Money
The Impact of Rising Mortgage Rates on the Housing Market
2024-11-21
Last week witnessed a slight uptick in mortgage rates, leaving prospective homebuyers with little respite during a seasonally slower period for the housing market. According to Freddie Mac data, the average 30-year fixed mortgage rate reached 6.84% in the week through Wednesday, as opposed to 6.78% the previous week. Simultaneously, the average 15-year rate increased from 5.99% to 6.02%. These rates have been gradually moving back towards 7% as 10-year Treasury yields, which closely influence mortgage rates, have remained around 4.4% in the weeks following the election.

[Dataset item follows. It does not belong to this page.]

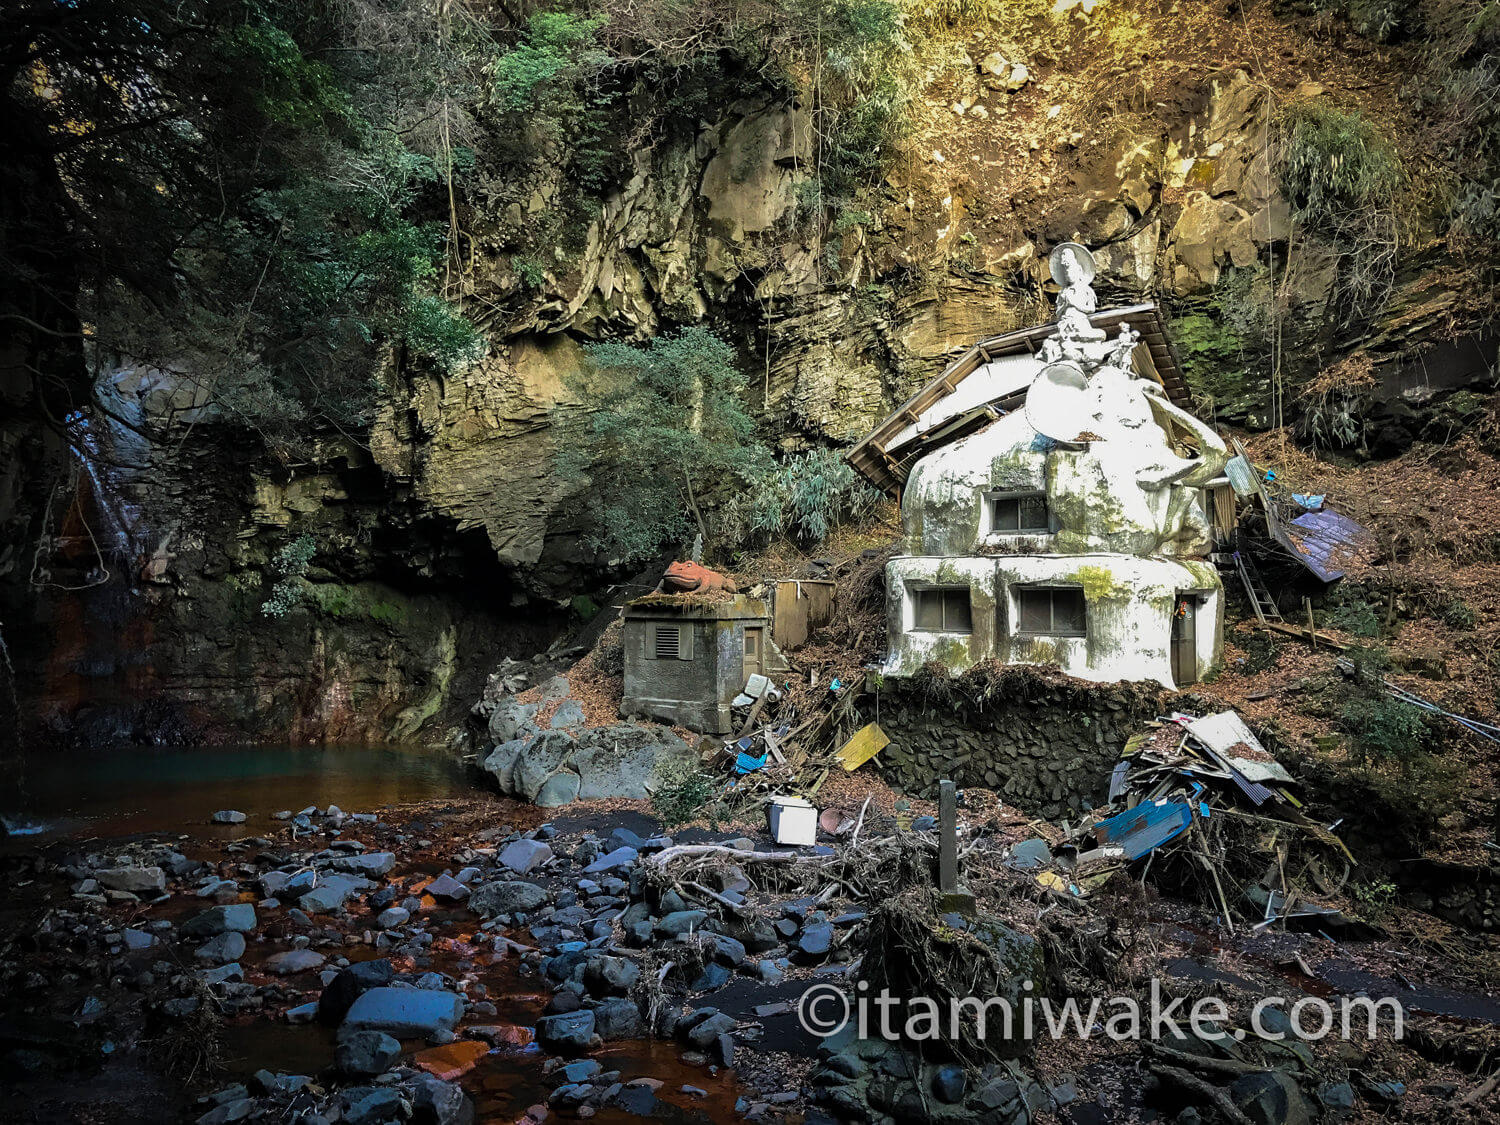 熊本県の清水滝は新興宗教団体の開祖の修行場 謎の像と荒れた建物がヤバさを物語る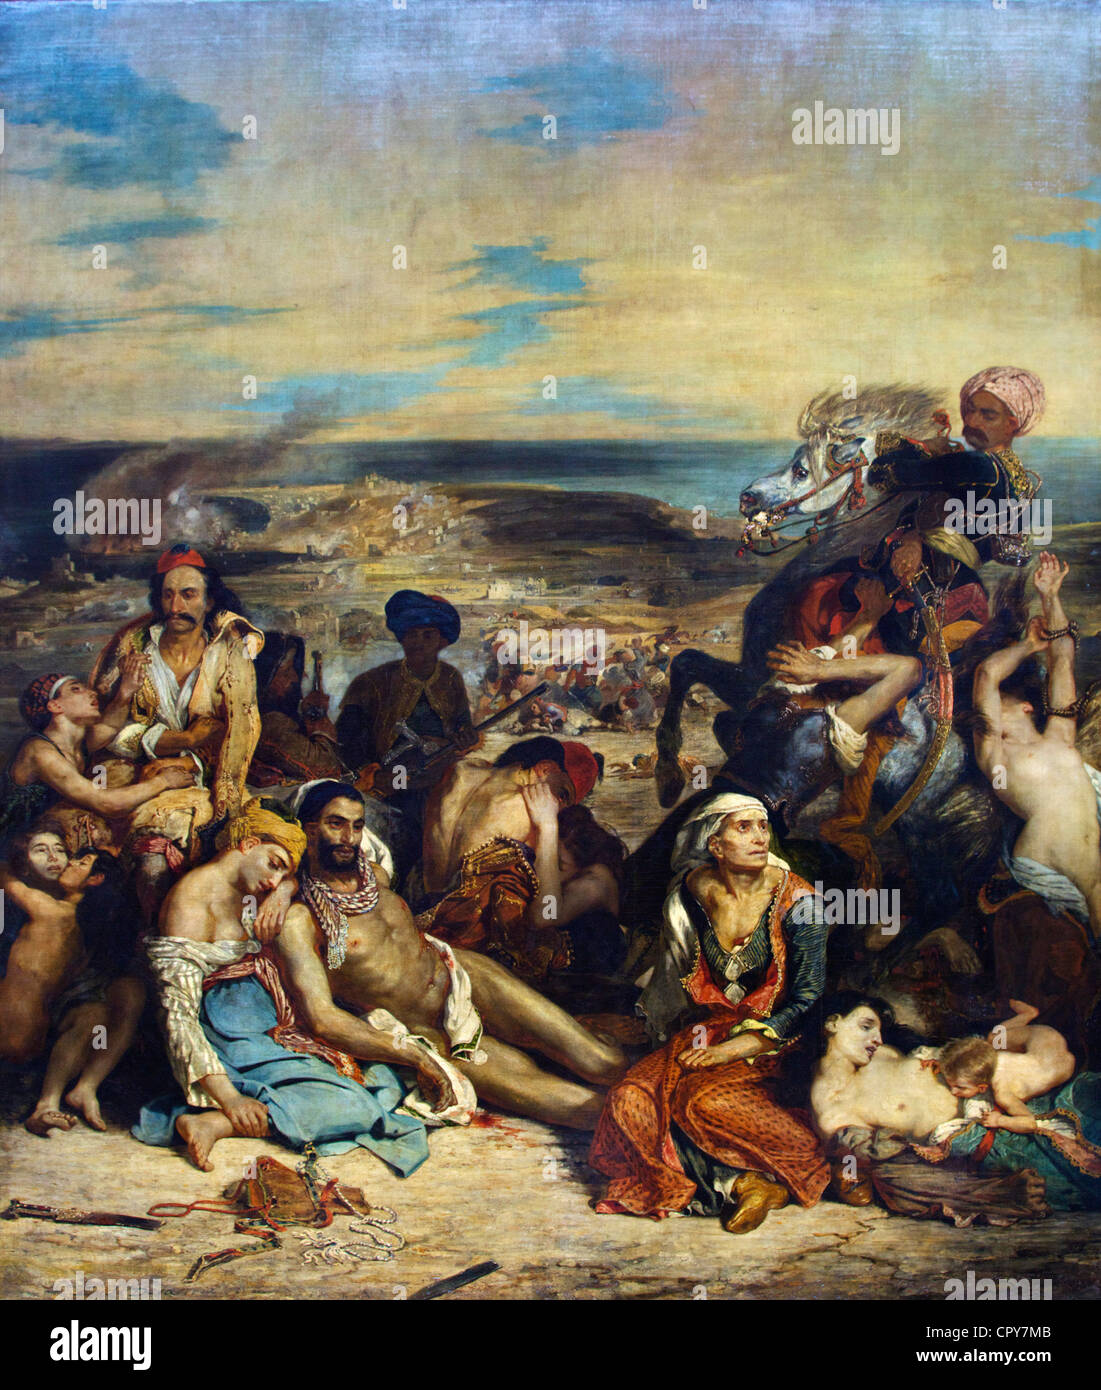 Szene der Massaker von Scio, griechische Familien kümmern sich um die Verwundeten oder Toten, Eugene Delacroix 1824 Musée du Louvre Paris Frankreich Stockfoto

Chief Economist's Perspective

Sam Khater, Freddie Mac's chief economist, stated in a statement that heading into the holidays, purchase demand remains sluggish. Although for-sale inventory is seeing a modest increase, the elevated interest rate environment has led to a softening in new construction. This indicates that the higher rates are having a significant impact on the housing market, affecting both purchase demand and new construction activities.Even with the persistent higher rates, mortgage application volumes are showing a slight improvement. The Mortgage Bankers Association (MBA) reported that applications to purchase a home were up 2% through Nov. 15 compared to the same week a year ago. Additionally, refinancing applications also rose by 2%, driven by an increase in VA loans. This shows that despite the overall higher rates, there is still some activity in the mortgage market.The existing home sales data released on Thursday provided some positive news. It showed the first year-over-year gain since 2021, likely aided by the lower mortgage rates seen earlier in the fall. October's seasonally adjusted annual rate of 3.96 million homes was 2.9% higher than a year earlier. This indicates that lower mortgage rates can have a positive impact on existing home sales.The direction of mortgage rates will play a crucial role in affecting home sales in the coming months. National Association of Realtors Chief Economist Lawrence Yun stated in a statement that the worst of the downturn in home sales may be over, with increasing inventory leading to more transactions. He also mentioned that additional job gains and continued economic growth seem assured, resulting in growing housing demand. This suggests that a combination of factors, including mortgage rates and economic conditions, will determine the future of the housing market.Claire Boston, a senior reporter for Yahoo Finance, specializes in covering housing, mortgages, and home insurance. Her reports provide valuable insights into the various aspects of the housing market and its related issues.In conclusion, the rising mortgage rates and their impact on the housing market are complex and multifaceted. While higher rates have led to a slowdown in some areas, there are also signs of improvement and potential for growth. The future of the housing market will depend on various factors, including mortgage rates, economic conditions, and consumer behavior.